GENIO PRÆTORI[I] SACRVM PI TVANIVS SE CVNDVS PRÆ FECTVS COH[ORTIS] IV GALLOR[VM]

To the genius of the Prætorium sacred; Pi- tuanius Se- cundus præ- fect of the fourth cohort of the Gauls, erects this.

Several other inscriptions by the fourth cohort of the Gauls have been found here since the time of Horsley.

The altar to Fortune, given in a previous page, shews us that at least a detachment of the sixth legion had, at some period, its abode here. |THE TWENTIETH LEGION.| A stone,

preserved at the place, and of which an engraving is here given, bears testimony to the presence of the twentieth legion also, which was surnamed V[ALENS] V[ICTRIX], ‘the valiant and victorious’, and of which the symbol was a boar. This legion was first sent over to Britain by Claudius, and remained in it until the island was abandoned by the Romans.

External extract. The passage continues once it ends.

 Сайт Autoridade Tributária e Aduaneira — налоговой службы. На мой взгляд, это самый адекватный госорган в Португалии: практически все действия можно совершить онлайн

Horsley conceives that this legion was concerned in the erection of the Vallum, though, he adds, we have no inscriptions to prove it. He suspects that it was no-way concerned in building the Wall, because, among all the centurial inscriptions which had come under his notice, not one mentioned this legion, or any cohort belonging to it. The discovery, since the publication of the Britannia Romana, of this and other memorials to be noticed as we proceed, renders

it probable that the twentieth legion was engaged upon both the Wall and the Vallum; and as, according to Horsley, ‘it is evident that this legion was at Chester in the year 154,’ where it long continued, the probability is strengthened, that the Wall, as well as the Vallum, was built before that period. A fragment of an inscription, represented above, bears direct reference to Hadrian. The Milking-gap slab, to which it has a very close resemblance, enables us to supply the parts that are wanting. The only difference seems to be, that the emperor’s name is in the dative case instead of the genitive as in the other example.